Crítica de Mercedes Albi: Paseando por el mundo de los sueños: El Lago de los Cisnes del Ballet Clásico Internacional
Ha sido una delicia que las producciones de Tatiana Solovieva regresen a su cita veraniega en el Teatro Gran Vía. Ella siempre trae belleza, y cuando en el programa de mano leo que “lleva más de 35 años compartiendo la tradición del ballet clásico con España”, pienso en lo rápido que pasa el tiempo, y como a base de tesón y amor a la cultura Tatiana ha insertado en el ADN de nuestra ciudad su sello.
A base de tesón y amor a la cultura Tatiana Solovieva ha insertado en el ADN de nuestra ciudad su sello
Ayer el teatro estaba rebosante, y no se trataba de profesionales del sector de la danza, sino de personas corrientes cuyas conversaciones escuché de soslayo en el intermedio, que además habían incluso venido a Madrid desde otras ciudades para disfrutar de los espectáculos de la Gran Vía.
Pio Baroja se cuestionaba la razón de porqué no nos gusta asistir a un teatro vacío
Siempre me gusta observar al público. Recuerdo un razonamiento que escribió Pio Baroja en relación a este tema. El escritor se cuestionaba la razón de por qué no nos gusta asistir a un teatro vacío, porque si solo fuésemos a ver lo que hay sobre escena lo que hubiera en el patio de butacas nos resultaría indiferente. Y concluye: “el público forma parte del espectáculo”. Es indudable que “El lago de los cisnes” les llega, como acredita el hecho de han obtenido varios años (2013, 2015, 2018 y el 2025) el Premio del Teatro Rojas de Toledo al Mejor Espectáculo, un galardón votado directamente por la gente.
El Ballet Clásico Internacional a vuelto a ser galardonado en 2025 con el Premio del Teatro Rojas de Toledo el Mejor Espectáculo
¿Por qué toca el corazón? La belleza de la música de Tchaikovsky conforma un sustrato incuestionable. Pero es que cuando el Ballet Clásico Internacional abre el telón se despliega una ventana al mundo de los cuentos, a esa fantasía primigenia que todos albergamos en algún rincón de nuestra imaginación. Es como una caja de bombones. Los telones del pasado se hacen eternos y nos transportan al tiempo en que los ballets fueron concebidos. Es una especie de pureza. Y cuando abandonas el teatro, despiertas del sueño, pero con el agradable poso de haber vivido un dulce instante.

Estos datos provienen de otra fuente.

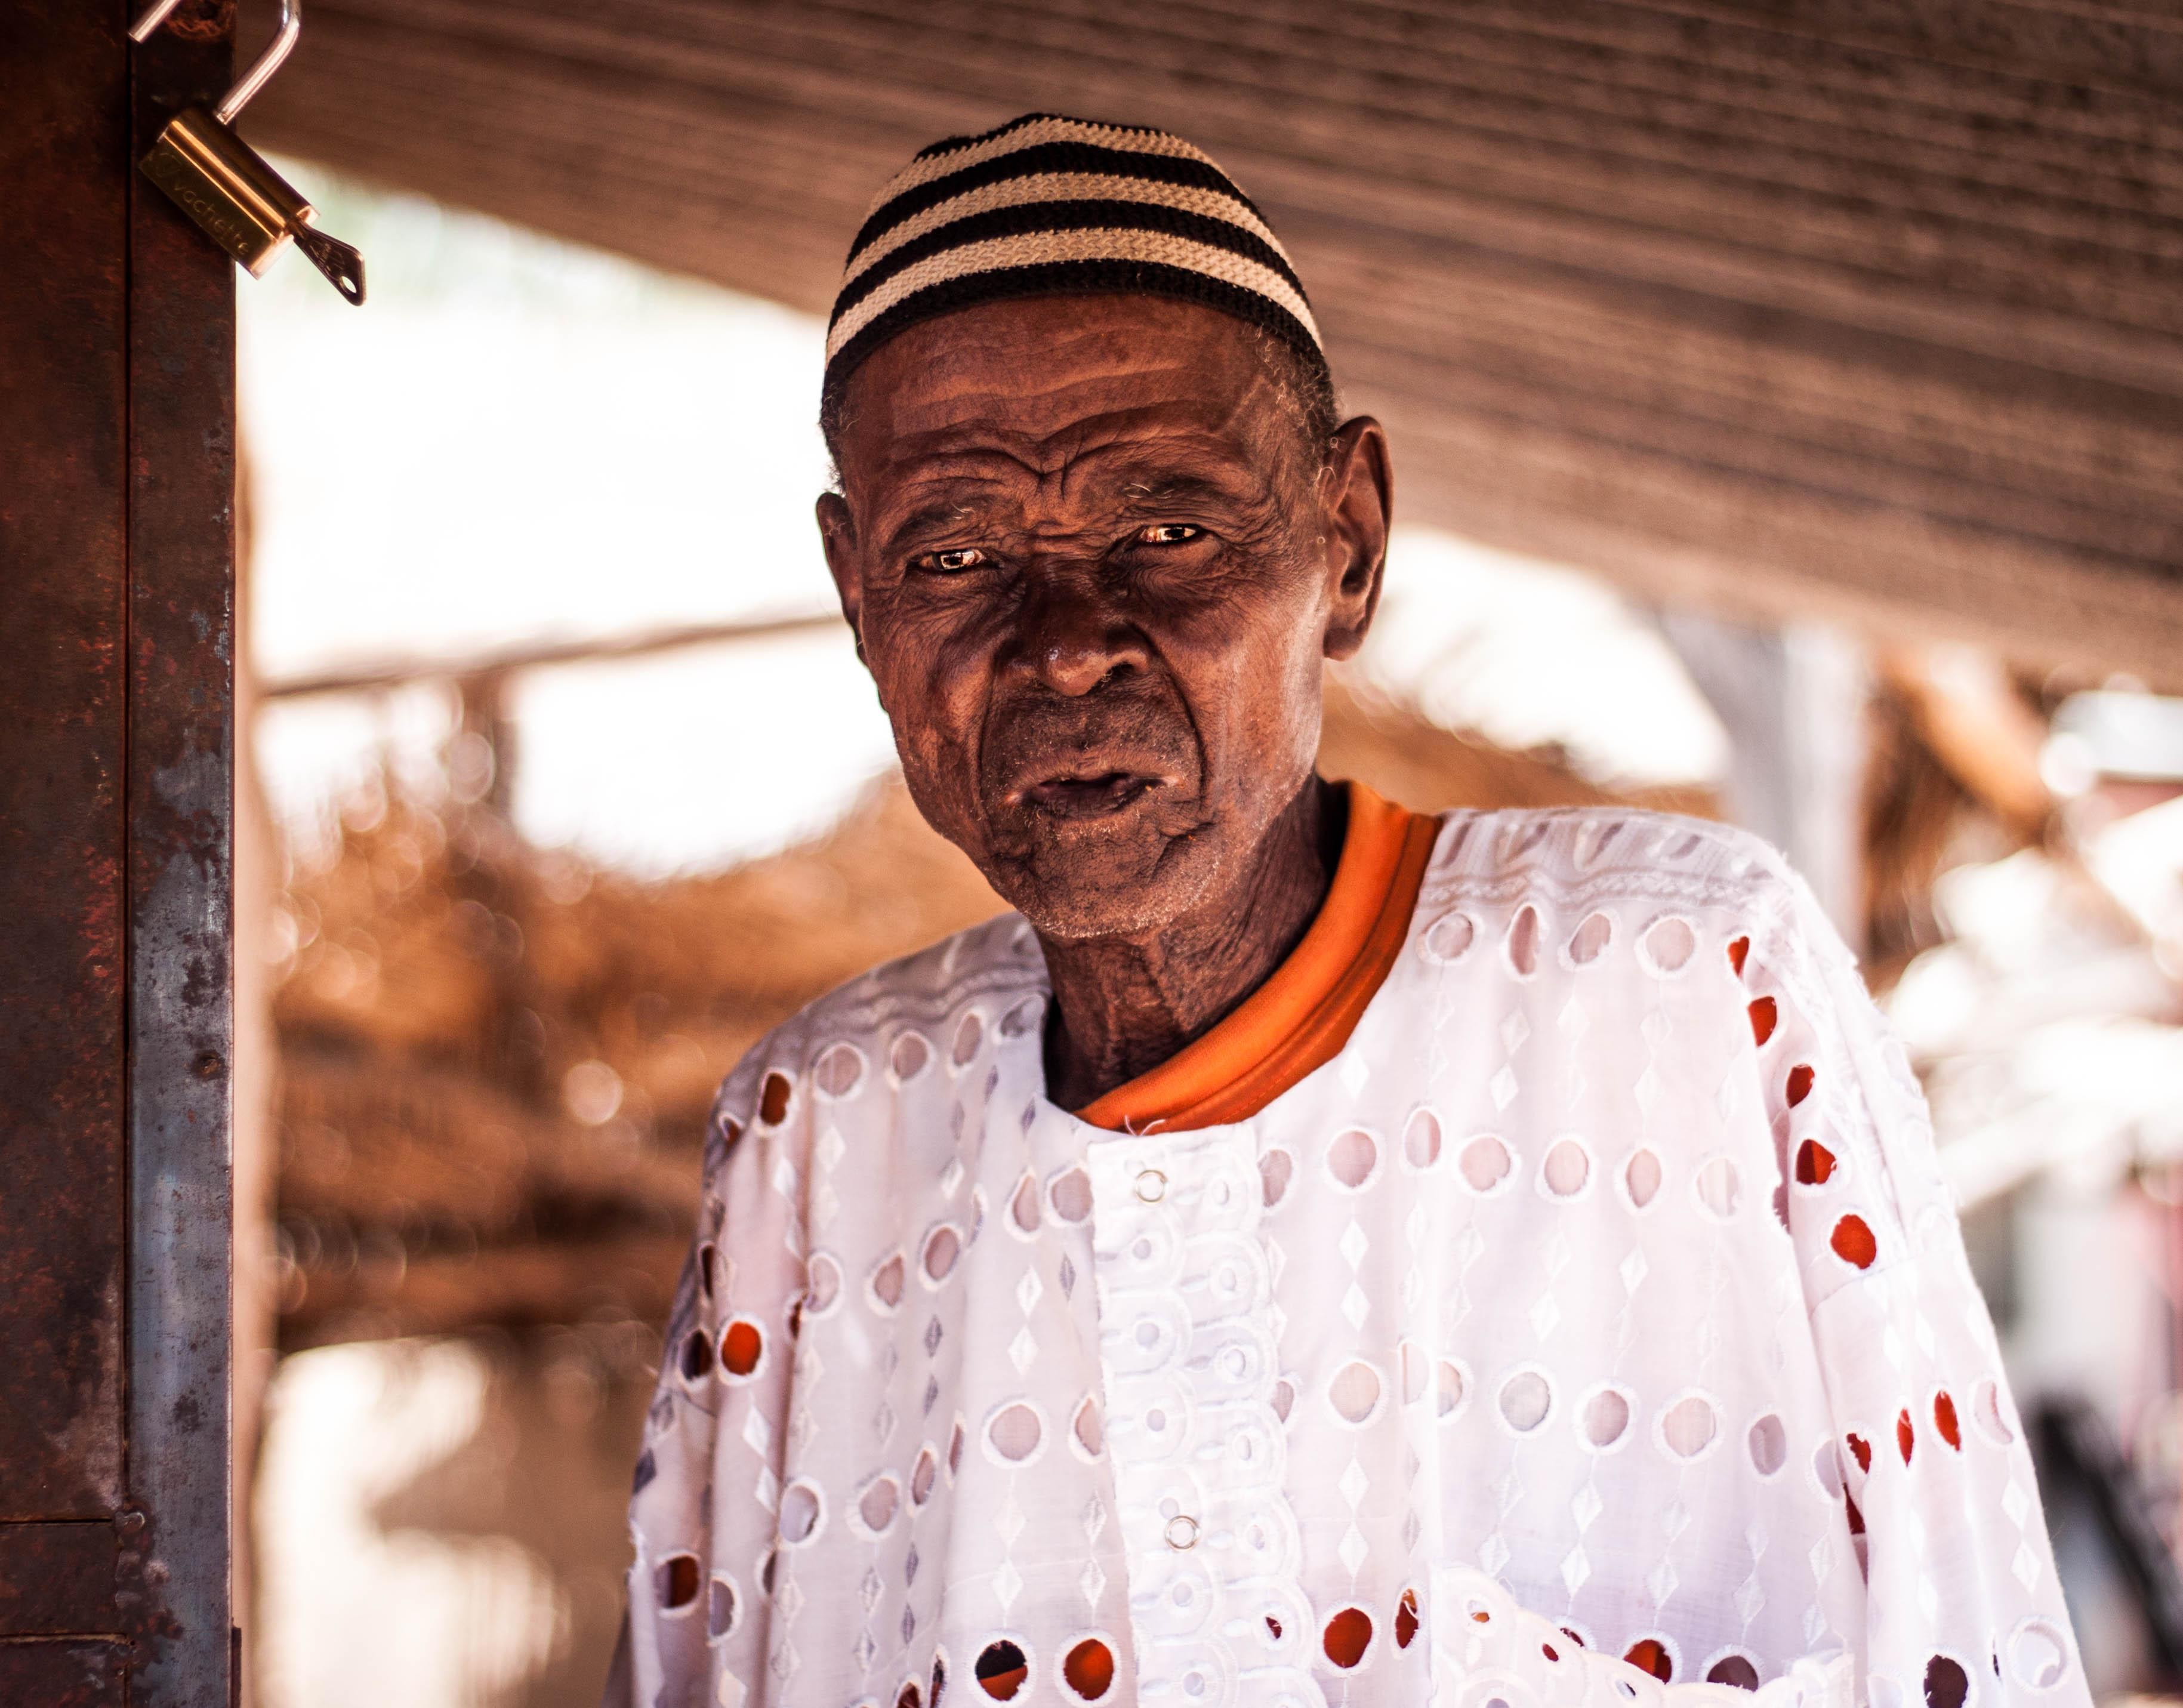 BURKINA FASO 2017

La compañía está formada por bailarines de distinta procedencia europea, bajo la dirección de Andrei Sharáyev.
Se despliega una ventana al mundo de los cuentos, a esa fantasía primigenia que todos albergamos en algún rincón de nuestra imaginación
Los solistas Tatiana y Nicolái Nazachevici fueron Odette/Odile y Sigfrido. Ella destaca por sus equilibrios, luciendo más sus dotes técnicas en el Cisne Negro que en el Blanco; Nicolai fue el Sigfrido perfecto, bailarín majestuoso y de dotes nobles, ambos fueron solistas principales en el Ballet Nacional Chino, el Ballet de la Ópera de Moldavia y, recientemente, Nicolái recibió la Medalla de Artista de Honor de Moldavia.
Alexander Litvinov fue un Rothbart muy elegante que quedaba a la par con los protagonistas; el Bufón de Cristian Preda, muy en su papel acrobático, despertó aplausos entusiastas.
El resto del elenco de bailarines está compuesto por Elizaveta Sávina (Ucrania), que se formó en la prestigiosa Escuela del Ballet Bolshói; Maria Litvínova (Ucrania), solista del Teatro de Dnipró; Serguéi Iliín (Moldavia) fue solista del Ballet de Philadelphia. La compañía también cuenta con bailarinas españolas, Sara Suárez y Nuria Martín, y con graduados de la Escuela de Ballet de Milán: Nicole Ferazzino, Sara Noveri, Gaia Bertolin, Sara Righini y Roberto Gadaldi.
Es una cita imprecindible, no hay que perderse este Lago que estará en el Teatro Gran Vía hasta el 2 de agosto.